Además de la cercanía en su final, Diego solo compartía una cosa con Maradona.

Figuraba como administrativo en una constructora alcalaína de mala muerte sobrepoblada por familiares del jefazo. Solo Diego trabajaba allí.

Su contrato de media jornada no impedía que fuese quien abriera la oficina a las ocho de la mañana y la cerrara a las siete de la tarde.

En su rutina diaria, Diego escuchaba a Jiménez Losantos, "para informarse". Pero tenía a bien ponerse los cascos cuando yo entraba en la sala común.

Había trabajado varios años en una compañía mil veces más seria, con mejor salario y menor presión, que cerró. Gastaba más de hora y media diaria en ir a esa oficina y volver a su domicilio.

Su mayor nostalgia se concentraba en la primera juventud, cuando estudió en una academia militar. No logró su propósito de ingresar en el ejército como oficial pero conservaba amigos de entonces. Diego hizo una mili cómoda en Madrid.
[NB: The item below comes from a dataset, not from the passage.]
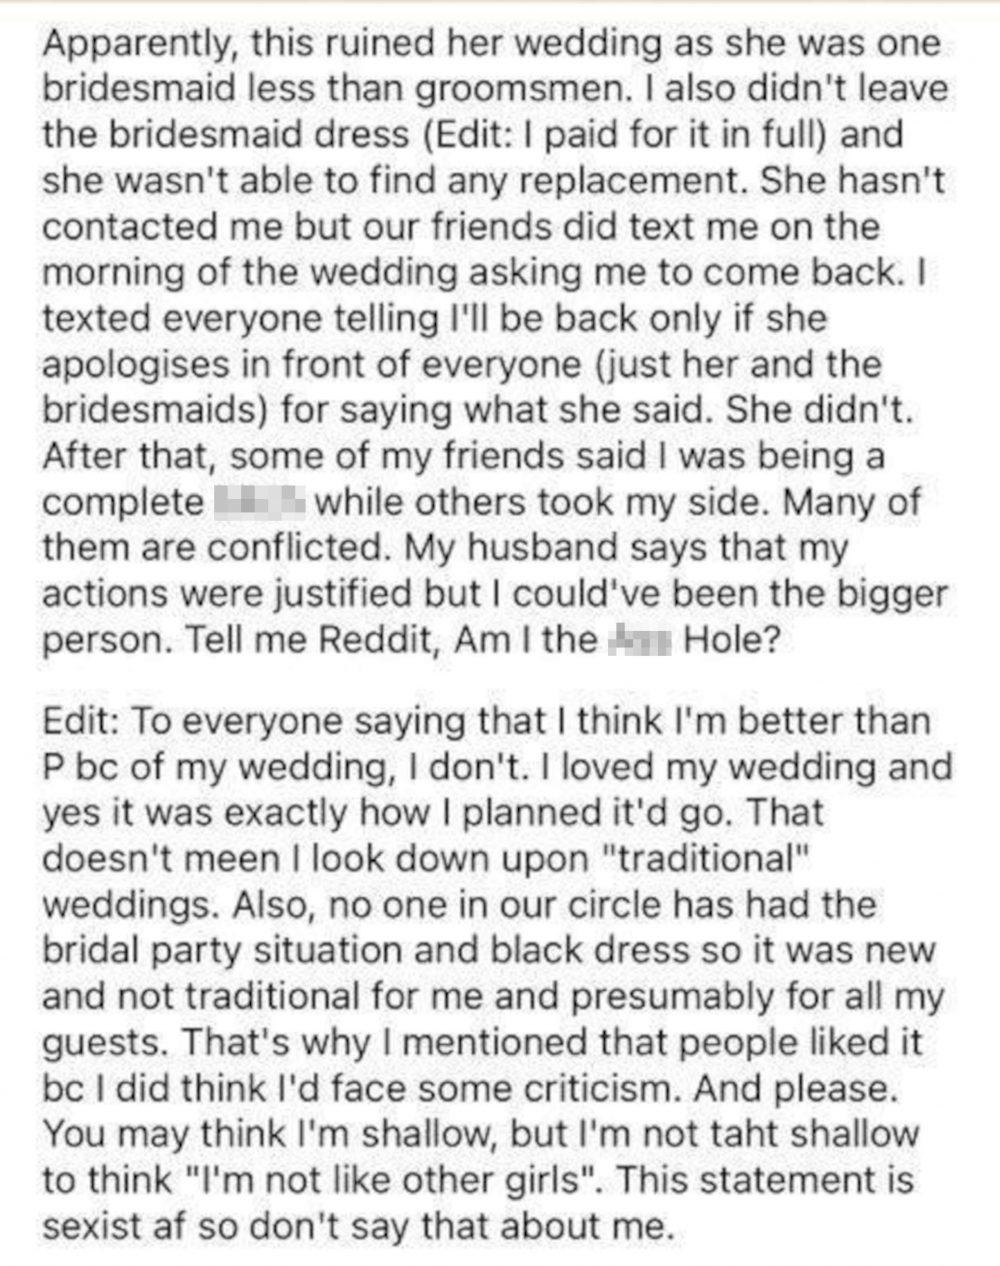 Quitting bridesmaid fallout - wedding news

También añoraba la época en que podía jugar al fútbol.

Diego tuvo meses de absoluta soledad como único empleado de la constructora, casi inexistente entonces. De ese tiempo y de otros abusos, la empresa le debía un dinero que él nunca iba a reclamar.

Solía comer de un táper, con lo que hubiera cocinado su hermano. El sueldo no le daba para mucho aunque algunos viernes se permitiera el lujo de unas cervezas que compartimos.
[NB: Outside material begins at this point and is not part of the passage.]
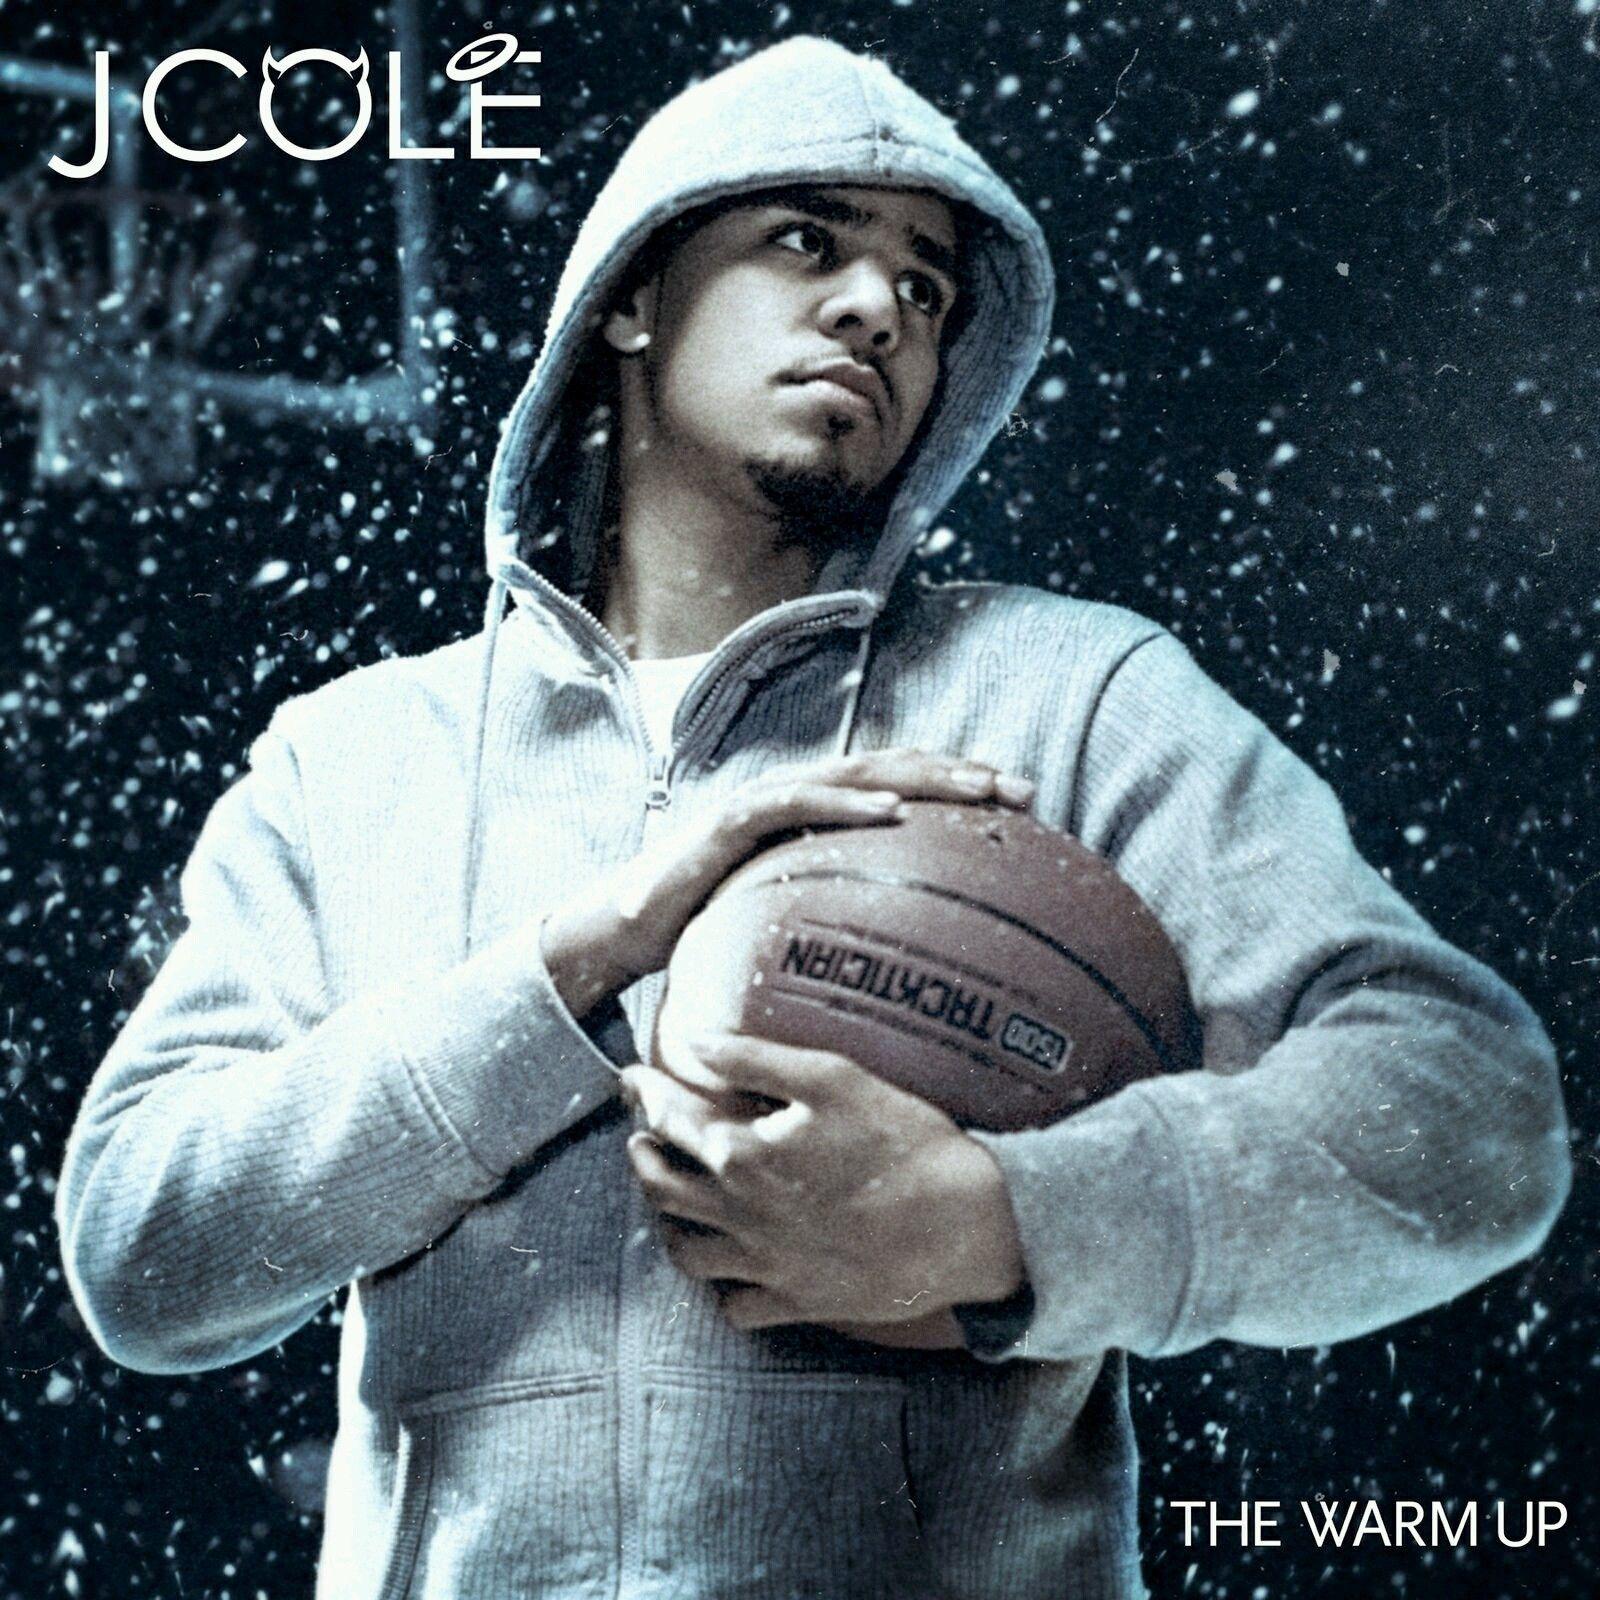 J COLE The Warm Up 2009 Album Cover Basketball Rap Hip Hop Poster 50

Diego telefoneaba con frecuencia a su madre, ingresada en una residencia por la demencia senil. La trataba con un cariño nada convencional. Dos hermanas y el hermano con quien convivía formaban el resto de su familia.

Era multitarea, de roto y descosido, listo para el papeleo oficial y para las falsificaciones que se le pedían. Tenía inteligencia y sentido del humor, lo usaba como armadura.
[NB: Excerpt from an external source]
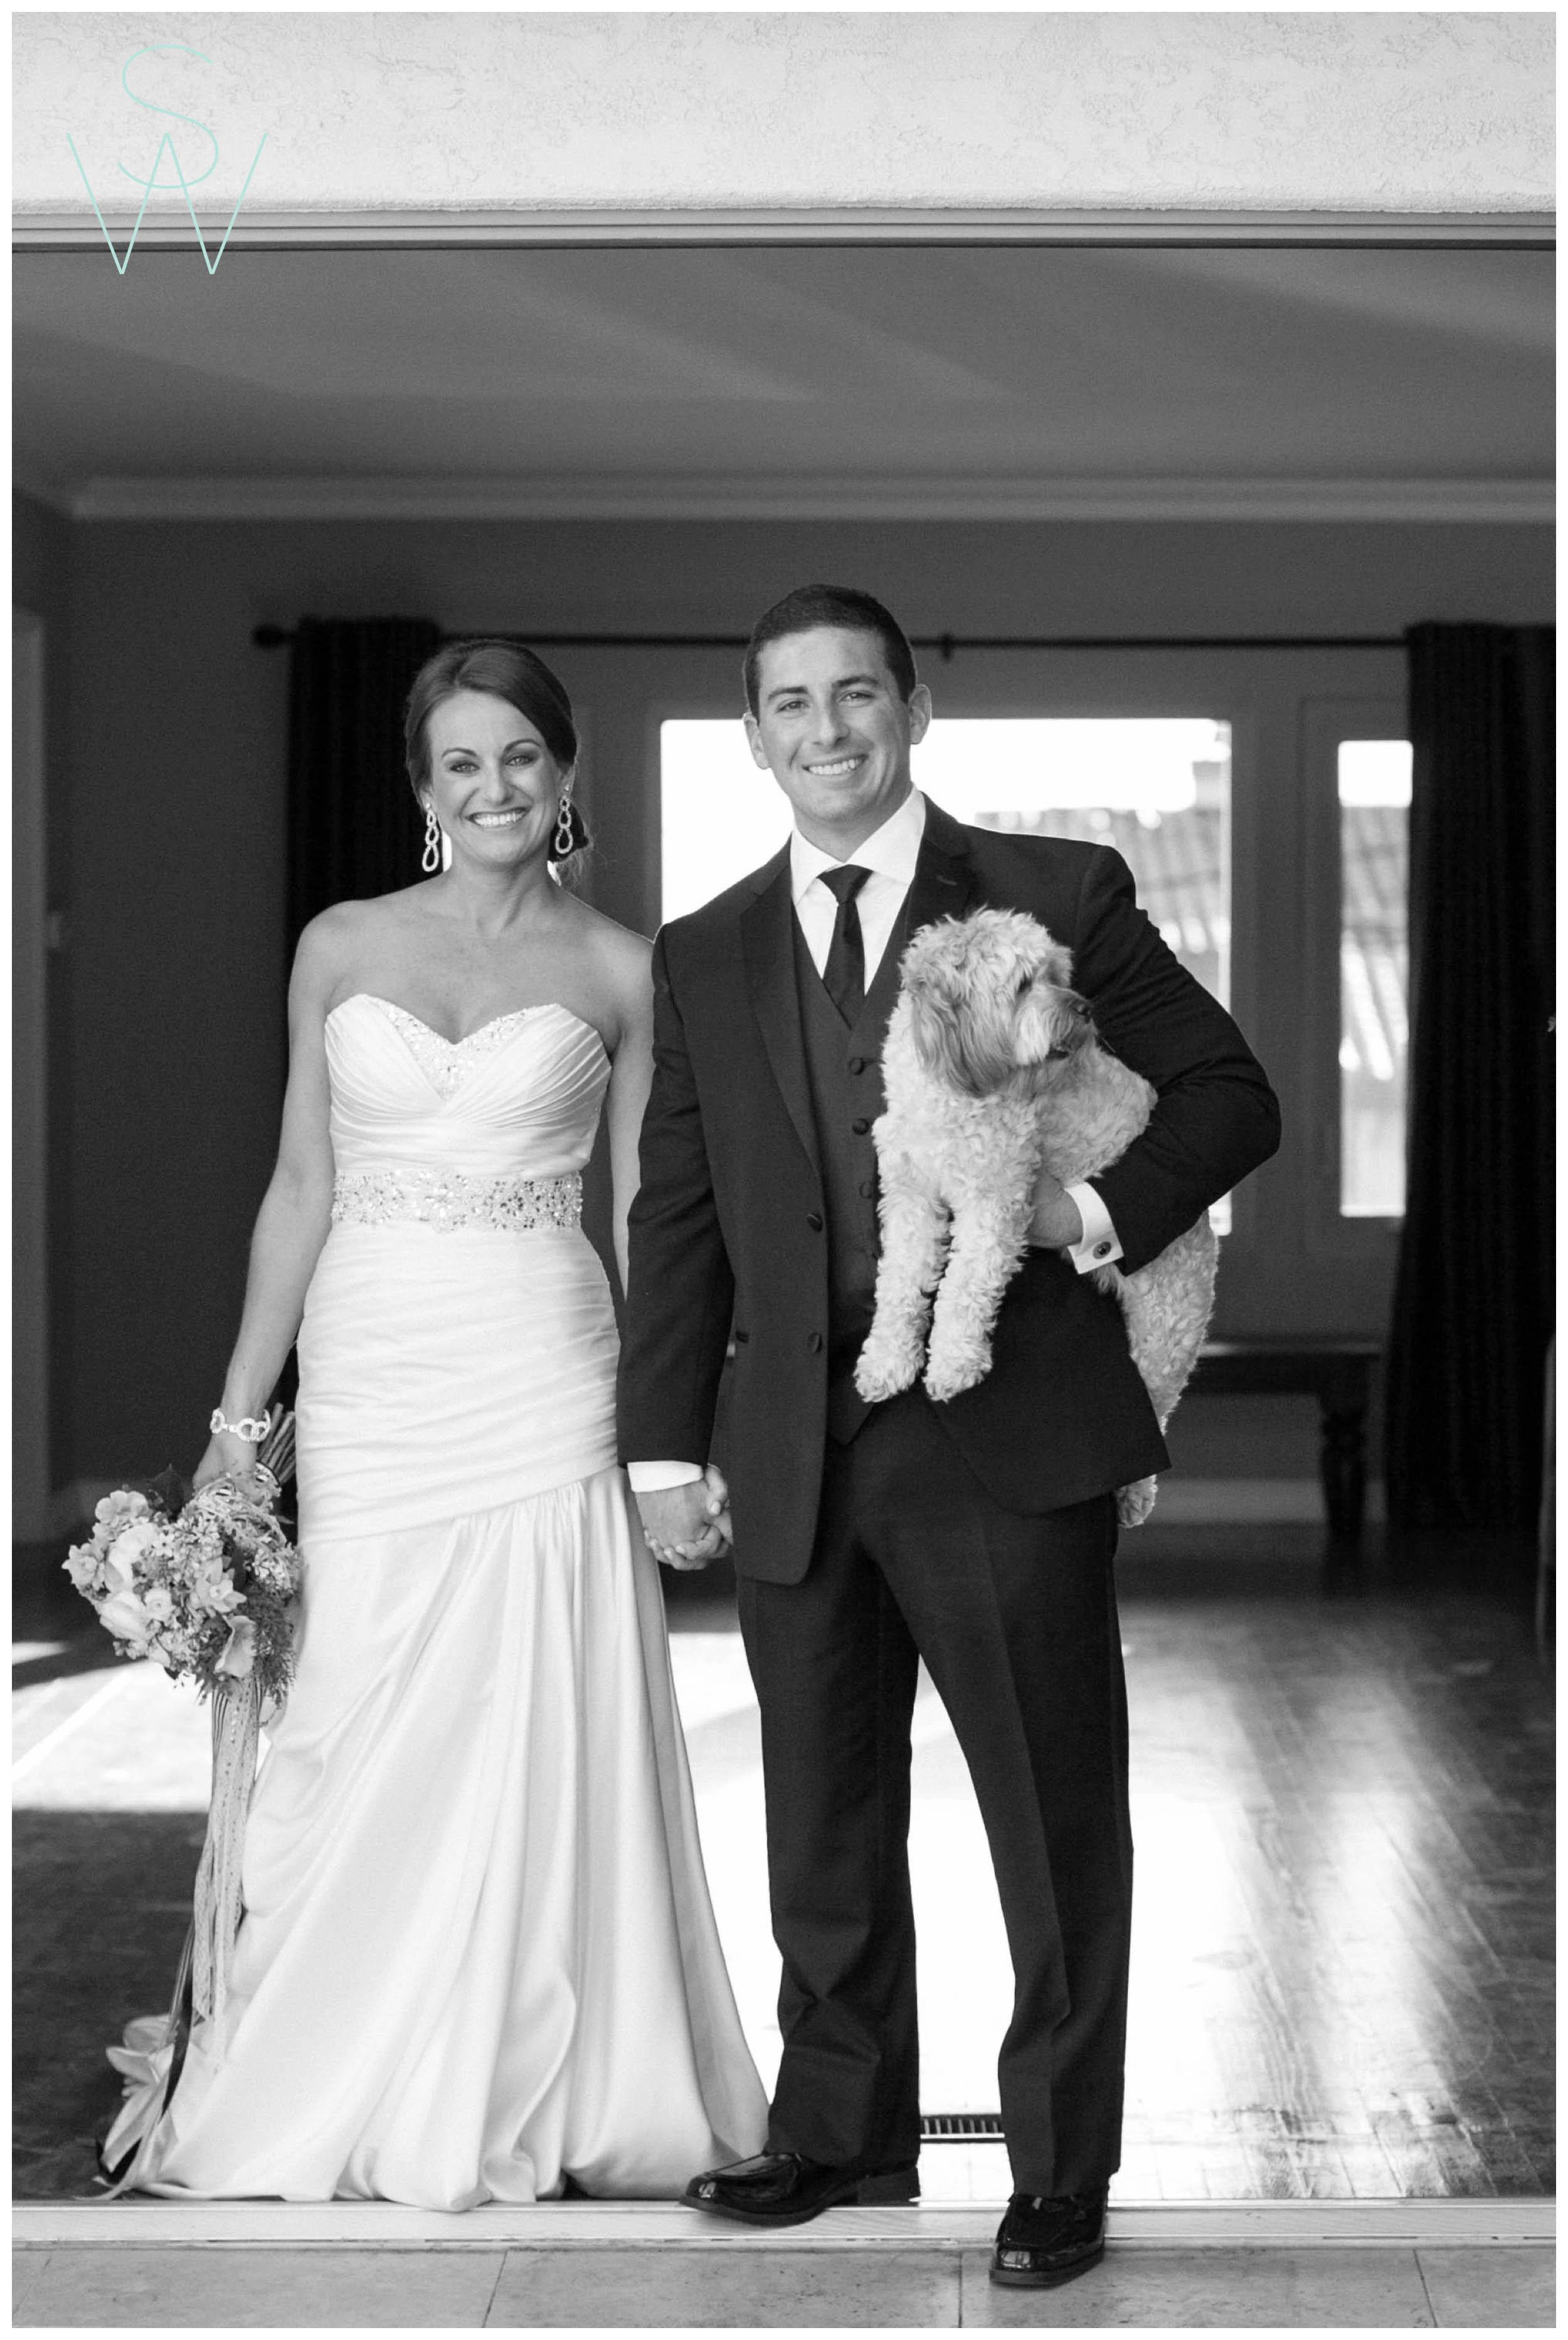 Shewanders.sdma_.wedding.photography-1021.jpg.wedding.photography-1021.jpg

Diego servía de saco de golpes para el jefe, empeñado en pagar sus frustraciones con los pocos empleados útiles. Apretarles las clavijas, elevar su estrés usando temas personales eran sus métodos de motivación.

Como aliada en la cumbre contaba con la mujer del tal, otra parásita de quien tapaba todas sus incapacidades. Hasta hackeó una cuenta para que la doña supiera de los devaneos del don.

Le dije que se fuera, que los dejara tirados con sus mierdas como ya había hecho yo. Pero le ataba la cercanía a su casa, el temor a quedarse sin sueldo, creerse joven e inmortal y una absurda fidelidad.

No es posible obviar el absurdo al recordar aquella empresa. La última vez que vi a Diego fue en una foto que me envió al WhatsApp. Trabajaba con unos imanes pegados a distintas partes del cuerpo. Al parecer, la familia creía en las virtudes del magnetismo para favorecer la salud. Y se lo imponían como otra cosa más que había que tragar con cucharadas de presión.

Reunía el suficiente humor para aguantarlos pero de salud no iba sobrado. Un infarto lo mató mientras estaba en Urgencias.

Su muerte no fue conocida por nadie más allá de sus familiares. A mí me telefoneó su hermano, una semana después del fallecimiento, tras revisar los contactos de su móvil. En la conversación por WhatsApp empecé con un "Joder, no me lo puedo creer" y terminé con "Un abrazo muy fuerte a ti, a todos vosotros". Pero mi sentimiento, toda mi tristeza se resumía en: "Era un tío cojonudo".